*** RAW DATA
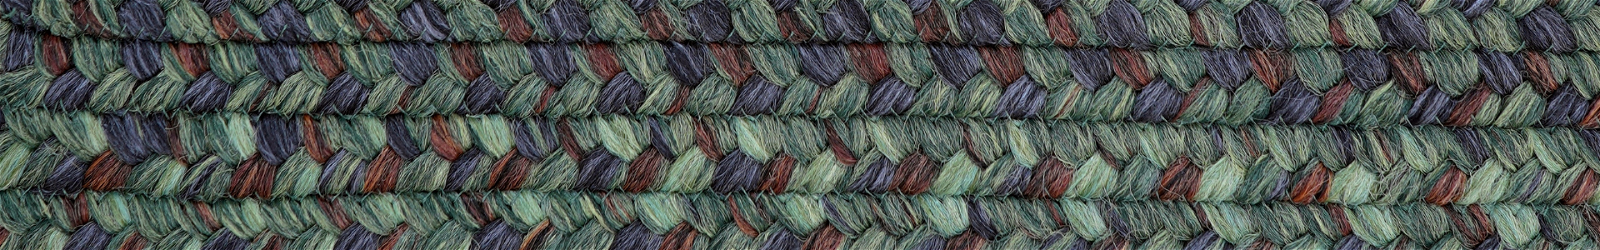 10 x 10 - Jute - Green Braided Rugs
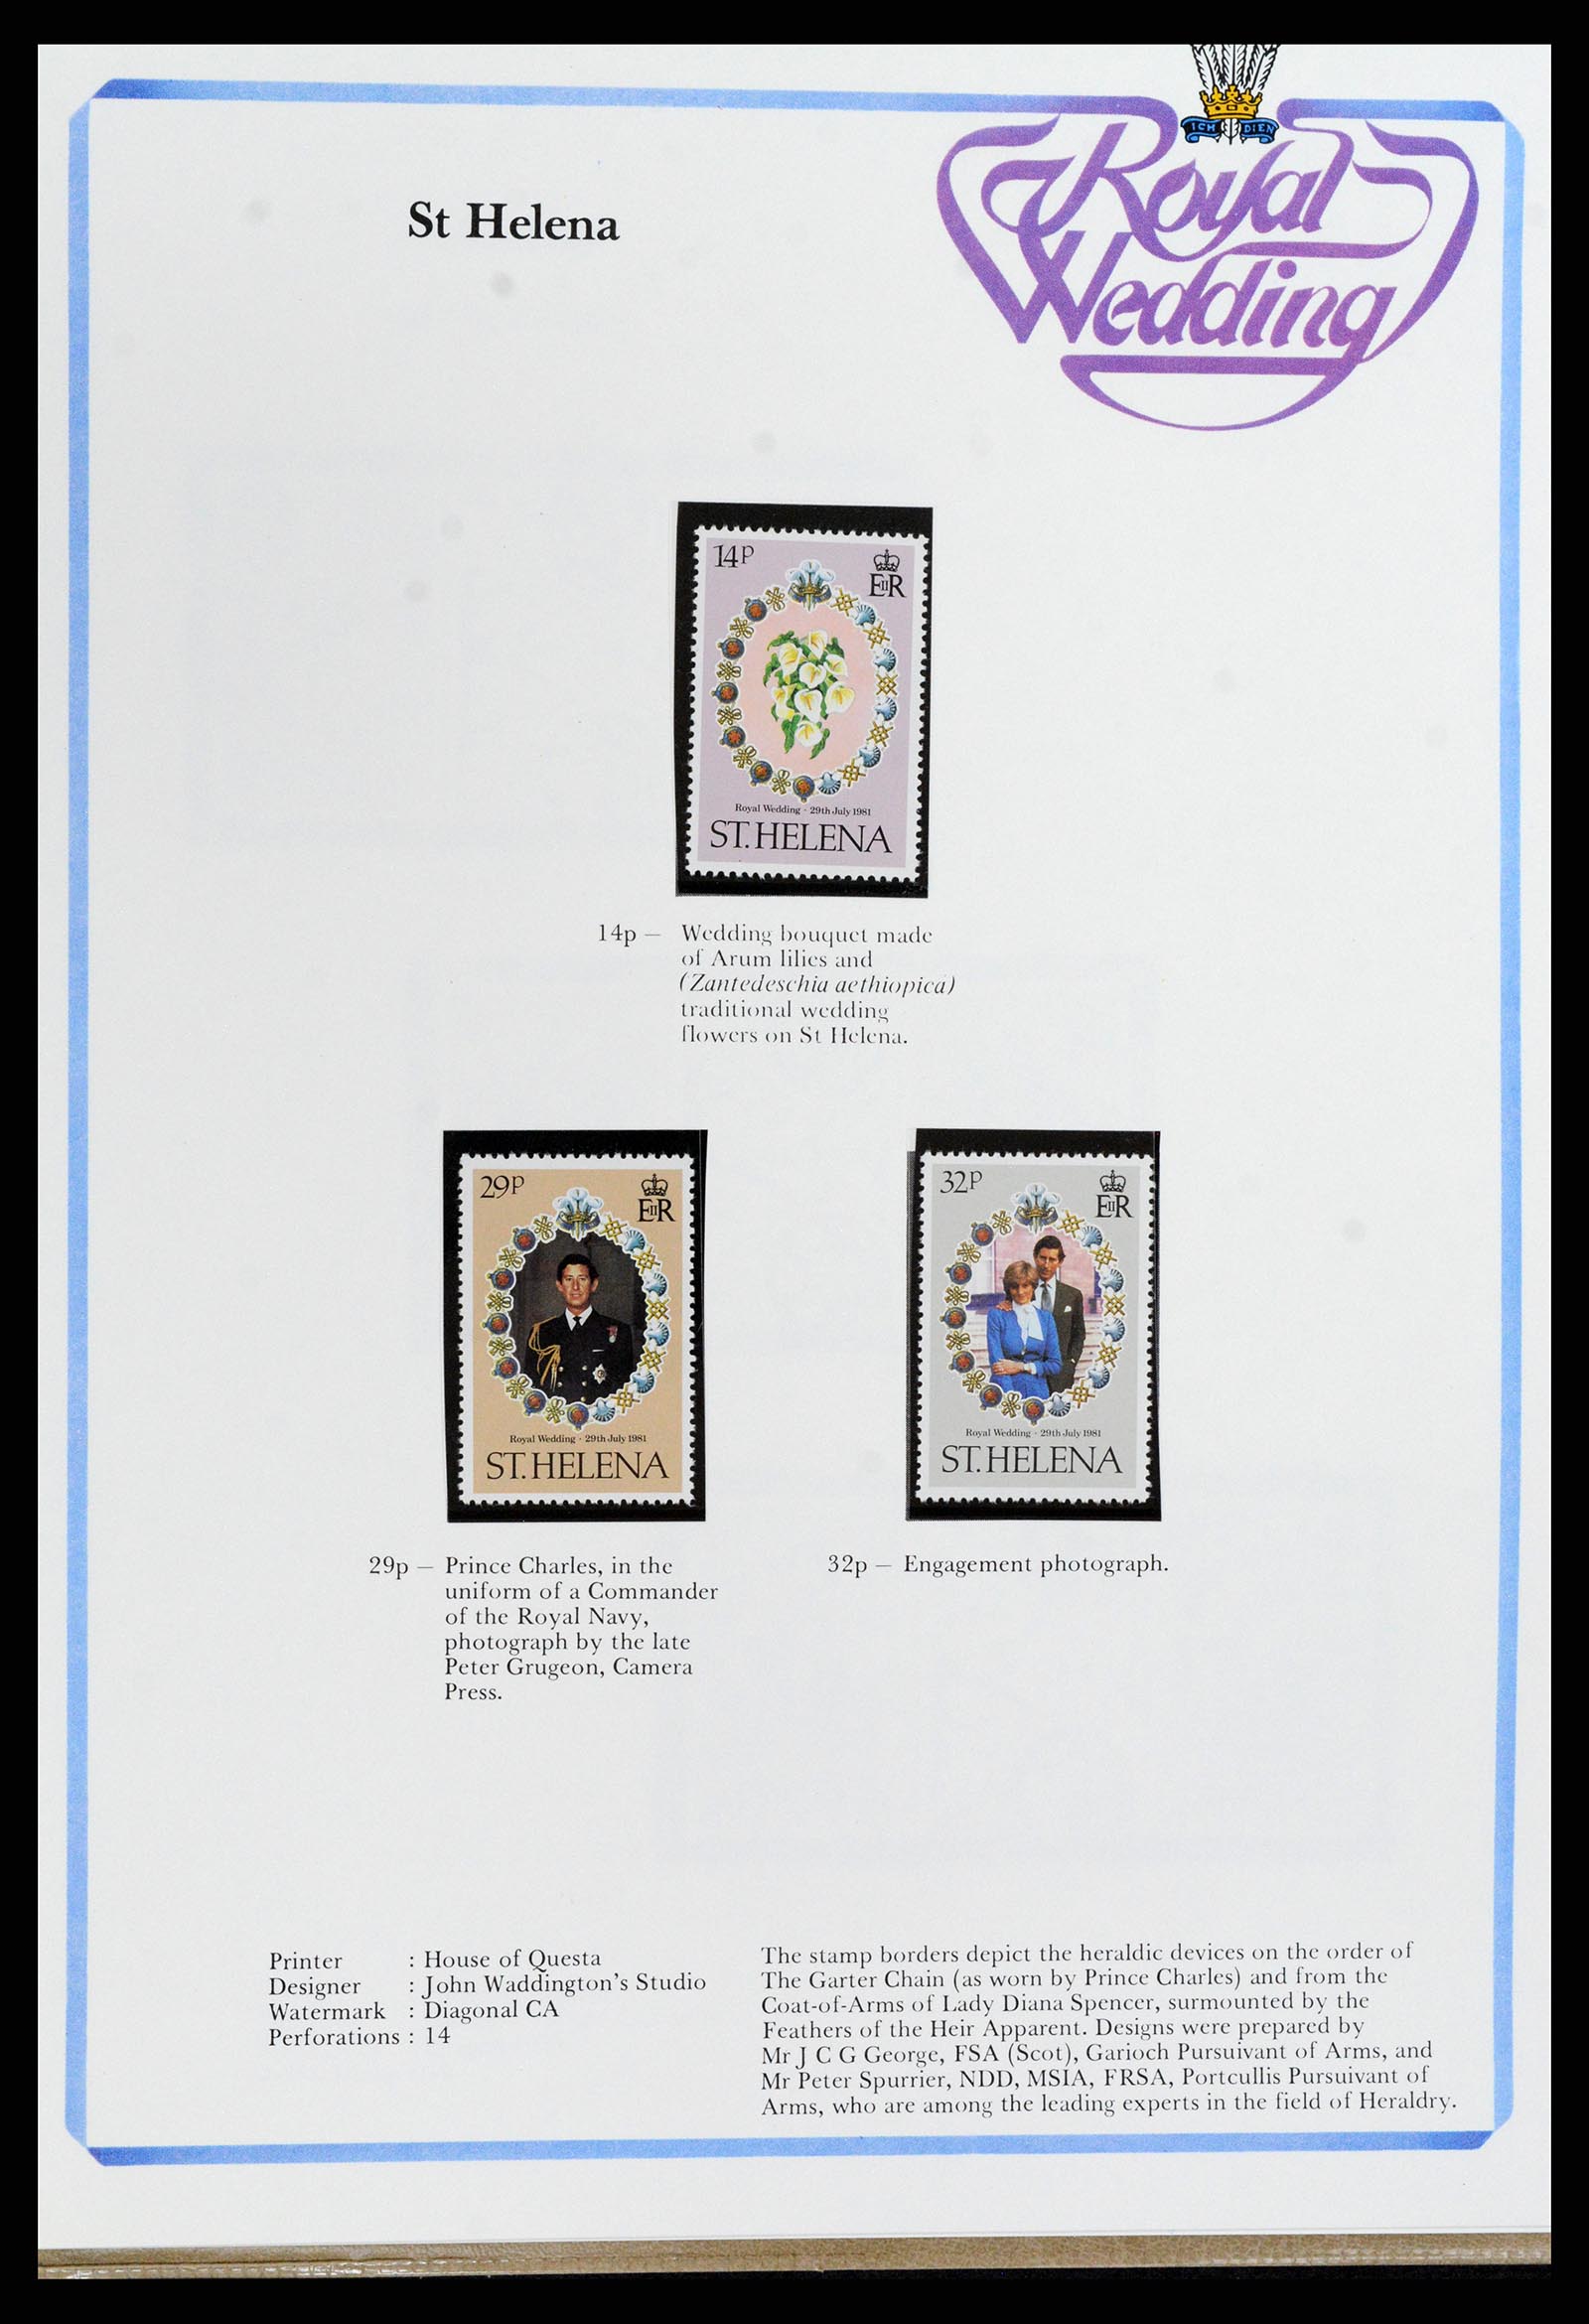 37818 295 - Stamp Collection 37818 Royal Wedding 1981.
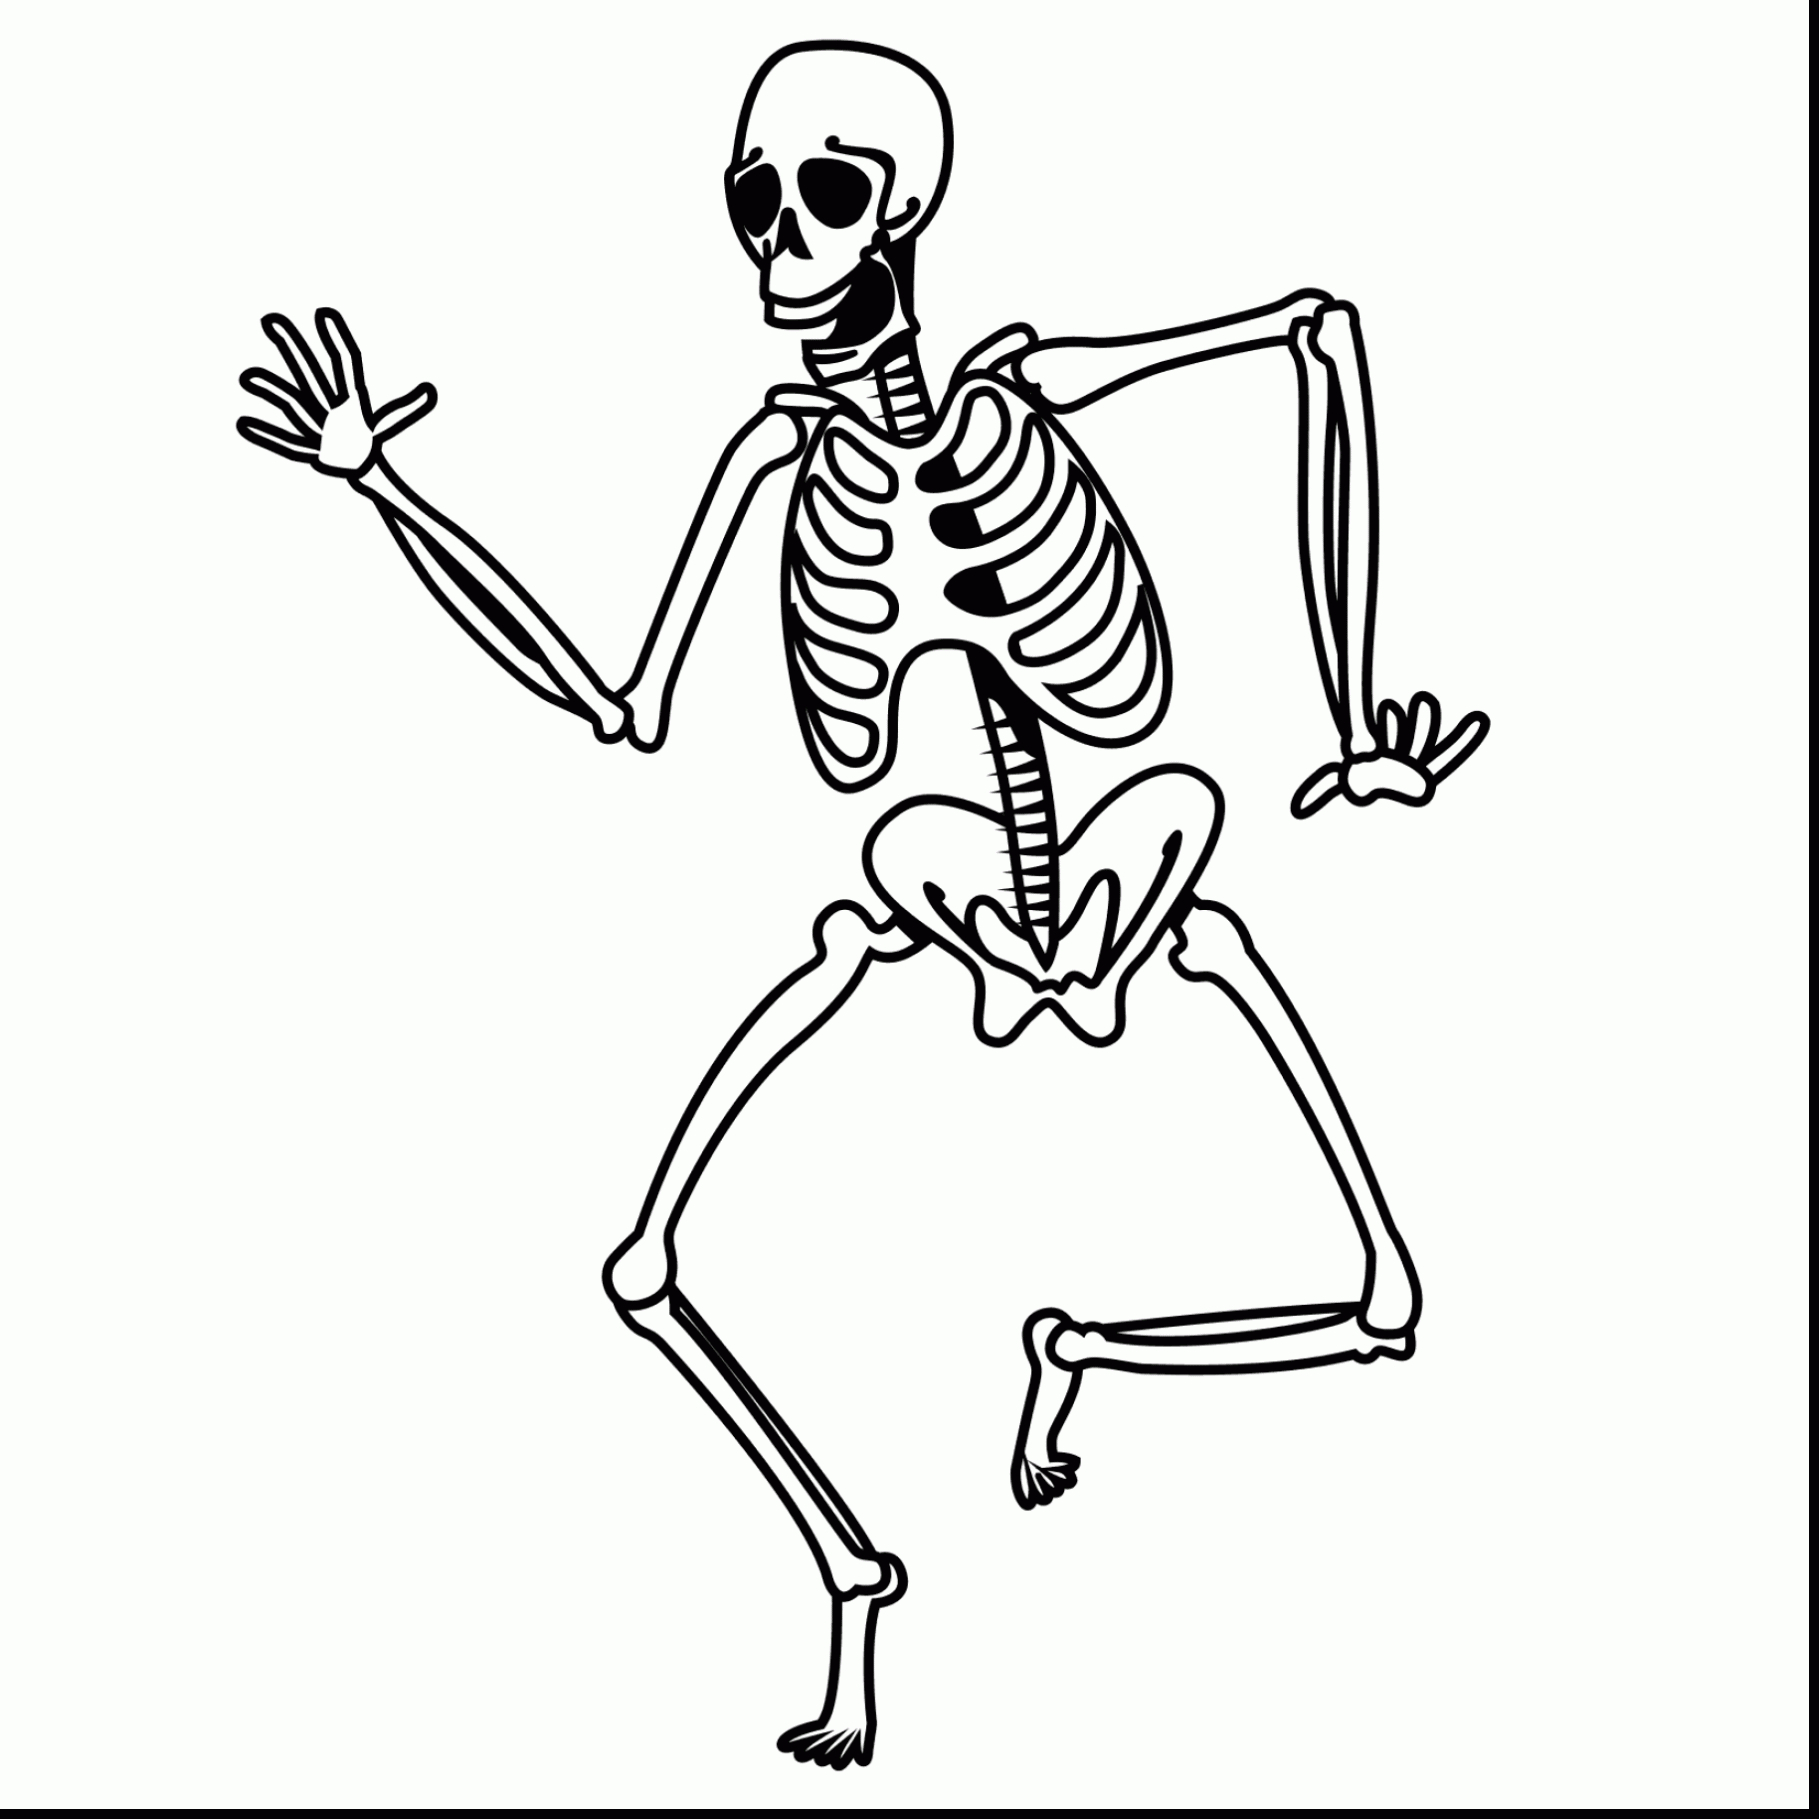 Human Skeleton Coloring Pages Skeleton Coloring Page Pathtalk
******
WORK ITEM
Restate word for word each line from the one containing "37818 295 - Stamp" through the end of the material, pictures excluded.

SOLUTION TO THIS TASK
 37818 295 - Stamp Collection 37818 Royal Wedding 1981.
 Human Skeleton Coloring Pages Skeleton Coloring Page Pathtalk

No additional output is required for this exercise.